No matter what one may think of Scream Bloody Gore's quality, there's no denying that it was incredibly important. While Seven Churches by Possessed came out first in 1985, many believe that Death's classic debut was the first true death metal album because it eliminated many of the thrash influences that dominated other genre precursors. That, and it was fucking vicious. Sinister guitar riffing, hard-hitting drumming courtesy of Chris Reifert, and vocals that sounded like they came straight from hell... this new sound must have shocked underground metal listeners when it came out. It was primitive, sure, but that was actually part of the album's charm. It wasn't bogged down by excessive technicality, relying instead on an evil atmosphere and solid songwriting to carry things through. Regardless, I can't quite claim it to be the band's best release as far as their pre-progressive metal albums go, as the follow-up Leprosy would refine this sound and bring it closer to perfection.

Leprosy was the next step in Death's evolution, sandwiched between the raw brutality of Scream Bloody Gore and the intricate motifs of their more sophisticated future. It really is a nice mix we get here, too. One moment you'll be hearing the straightforward and thrashy riff of "Born Dead," but then the song will suddenly break into a gloriously tapped guitar solo out of nowhere. Such is the nature of this album, abrupt and choppy at times but often adventurous for its era in a developing genre. Give frontman Chuck Schuldiner credit: he certainly began his band's musical progression early on. The record's opener and closer, "Leprosy" and "Choke On It" showcase the group trying longer compositions and more labyrinthine twists and turns, while the fan favorite "Pull the Plug" explores frequent tempo changes and fantastic trade-off soloing to amazing results. I should also mention that these songs are driven by what I believe to be some of the best production values Death have ever had. Dan Johnson's production work and Scott Burns' engineering generate a sound that's both refined and still utterly vile in tone. The guitars cut through the speakers like razors during the tremolo picking of the guitars, and yet the bass and drums sound incredibly full and thick. Just listen to the intros to "Born Dead" and "Open Casket" and you'll hear this combination played out wonderfully. In fact, it reminds me a lot of Kreator's classic 1986 album Pleasure to Kill, which also benefited from a merging of rawness and refinement.

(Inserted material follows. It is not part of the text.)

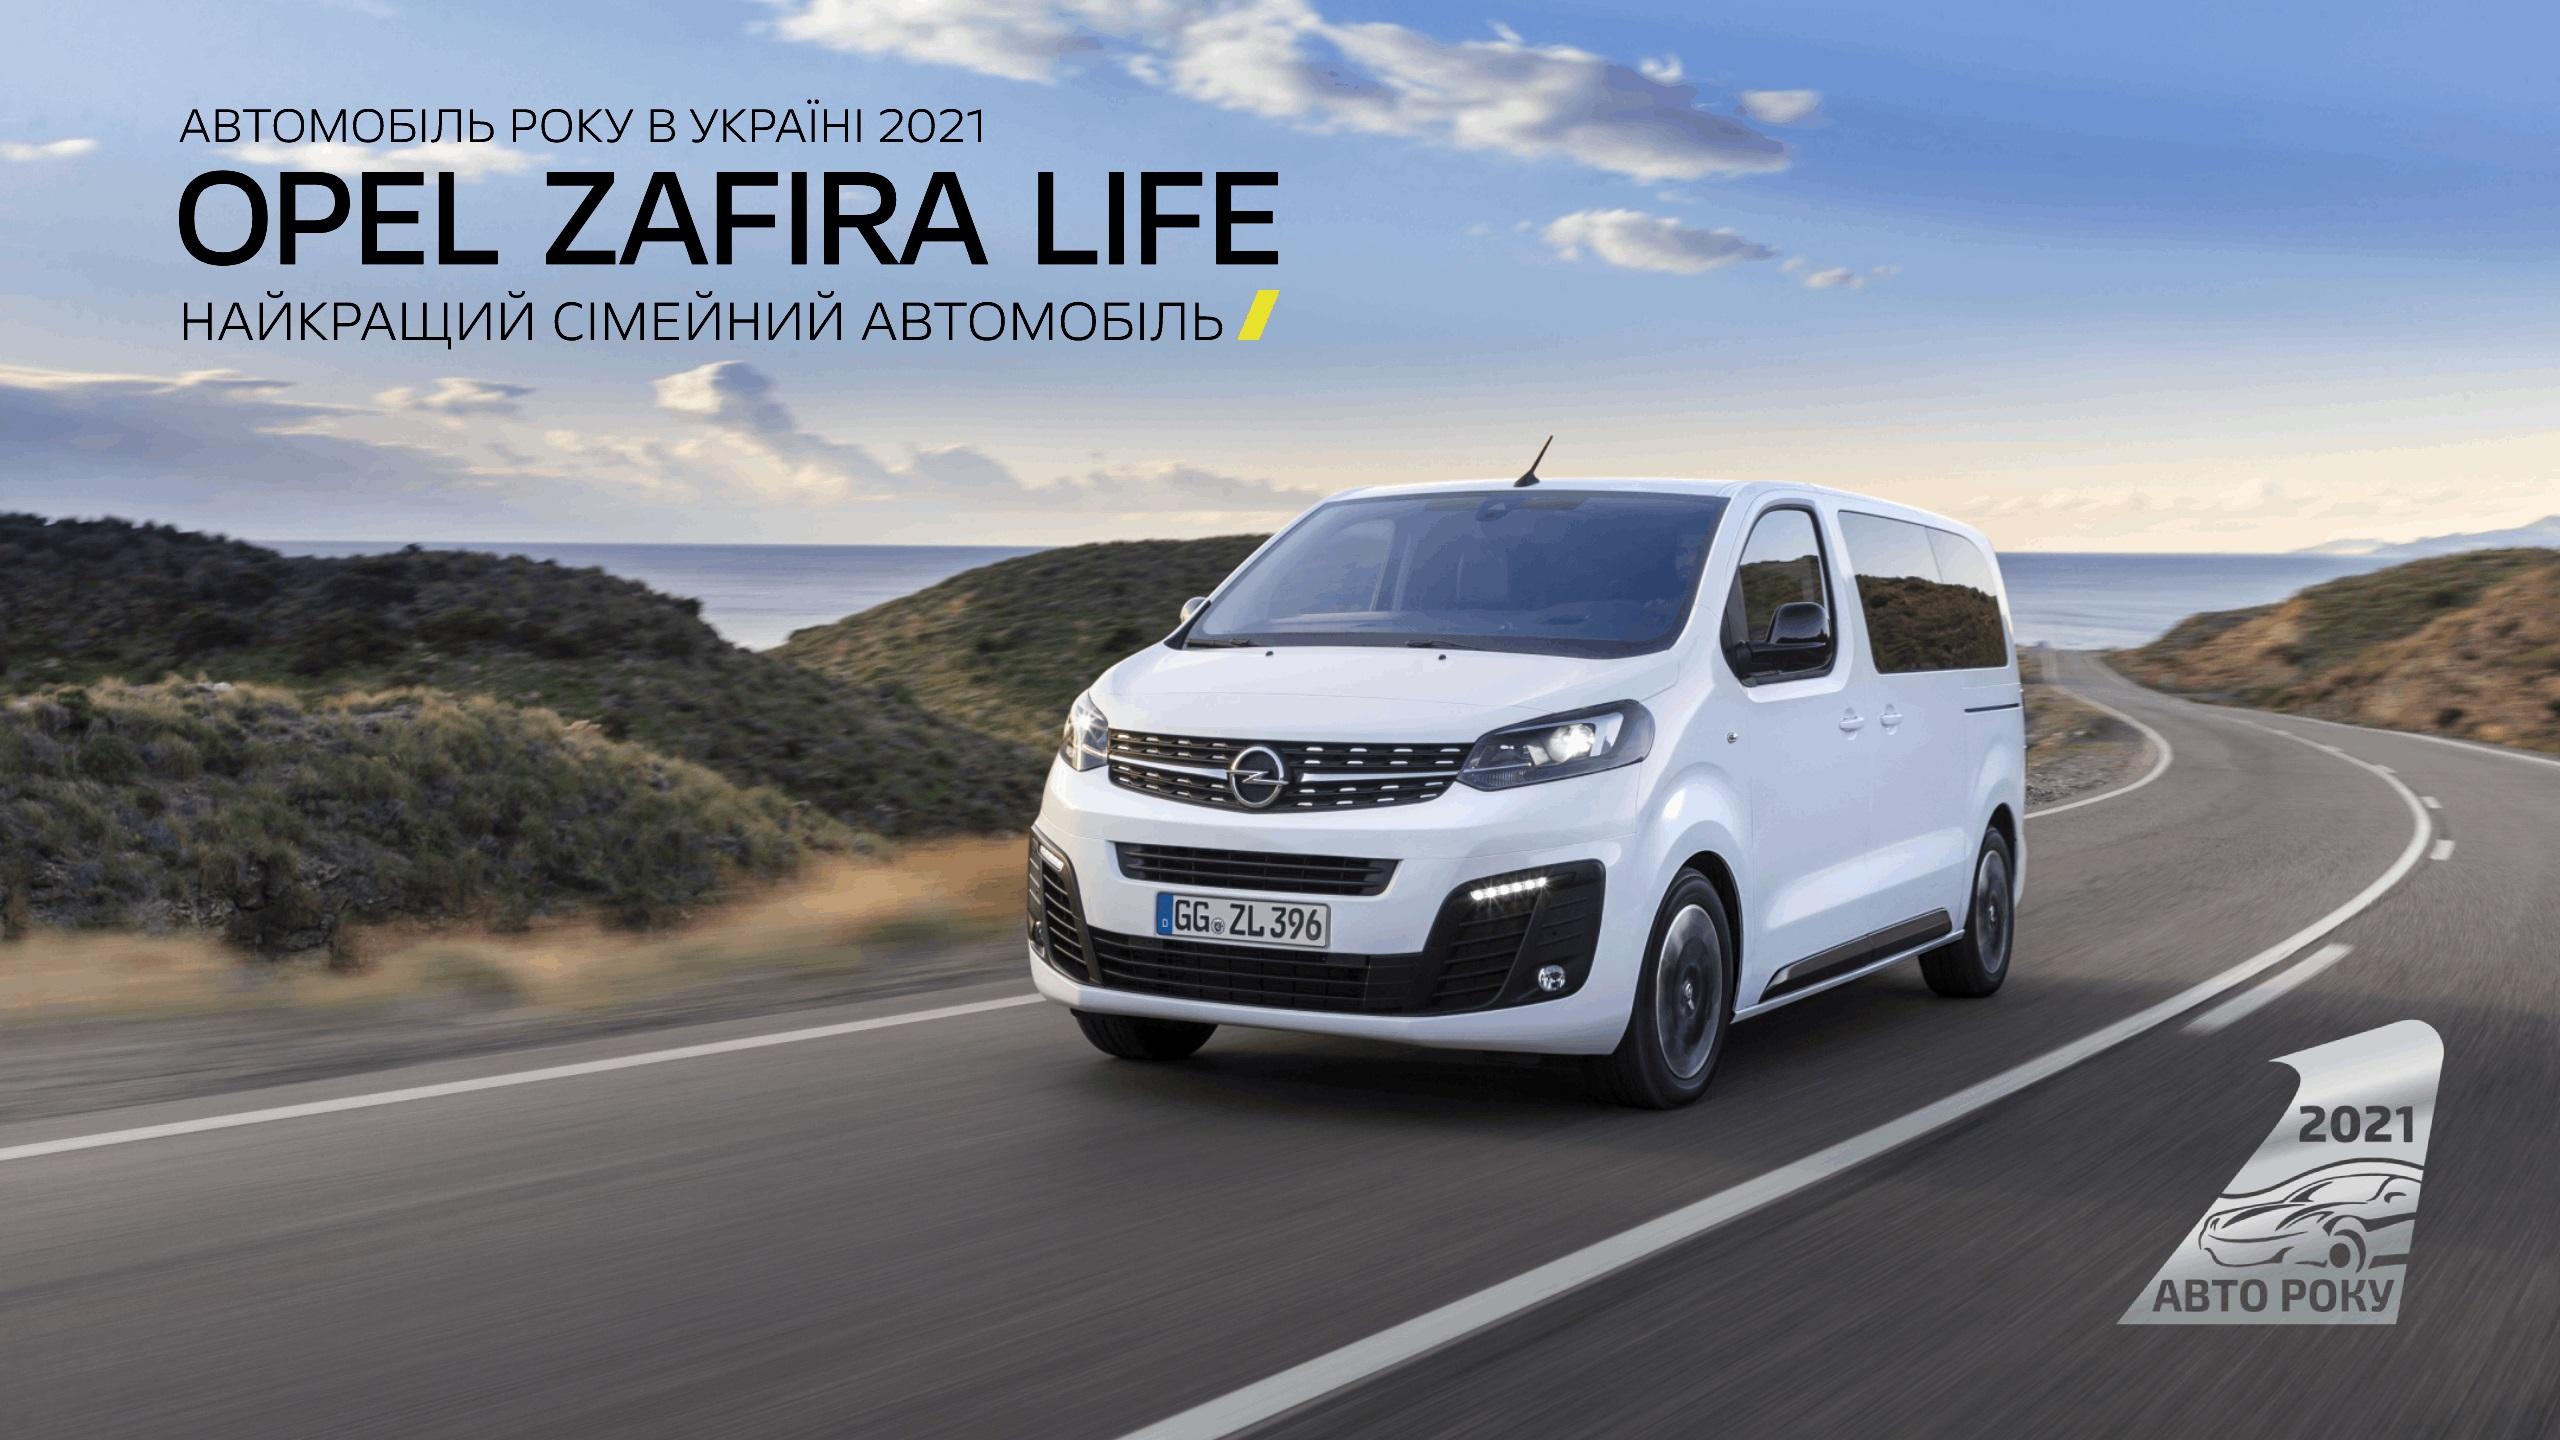 Одразу 2 моделі отримали титул в акції «Автомобіль року в Україні 2021»

But what of Leprosy's lyrics? Well, the opening title track should explain this one for you:

"Bodies deformed way beyond belief
Cast out from their concerned society
Flesh contorting day after day
Freak of the dark world is what the people say"


Yeah, they hadn't fully gone past the blood and gore by this point, and it's one thing that was carried over from their debut. So what makes it different here? The framing of the music surrounding it. I mentioned before that Scream Bloody Gore sounds quite evil, but this album quite frankly makes it sound like a walk in the park. This is one record that benefits a lot from the listener reading the lyric booklet along with the music; for instance, "Pull the Plug" has a thrash-influenced bridge where Chuck screams out, "I now behold, a machine decides my fate; End it now, it's all too late" which leads into a gleefully demented Rick Rozz solo soon after. In fact, many of Rick Rozz's solos are extremely twisted, his short segment on "Born Dead" being another great example of this. But one of Death's best strengths was that Chuck often recruited guitarists who were talented enough to rival him while having completely different guitar styles. We heard this on Human with Paul Masvidal's jazz fusion influence clashing with Chuck's neo-classical-inspired scale runs, and we definitely hear it here as well. Rick Rozz is a perfect musical foil for Chuck, both guitarists stirring up battles of rawness vs. refinement and contrasting each other for some unforgettable riffs and solos. So what exactly is wrong with Leprosy? Well, the lyrics are a minor issue for being a bit generic and primitive, but a few songs simply fall short of the greatness that tracks like "Leprosy," "Born Dead," and "Pull the Plug" bring. "Primitive Ways," despite having some decent lyrics, is a bit boring musically and doesn't quite have an interesting enough opening. It starts with a fast thrash-based riff, but the songwriting is pretty bland and it all starts to blend together after a while, even with some different tempos here and there. "Forgotten Past" also suffers from similar issues, and appears to be slightly aimless during the speedier sections in the middle.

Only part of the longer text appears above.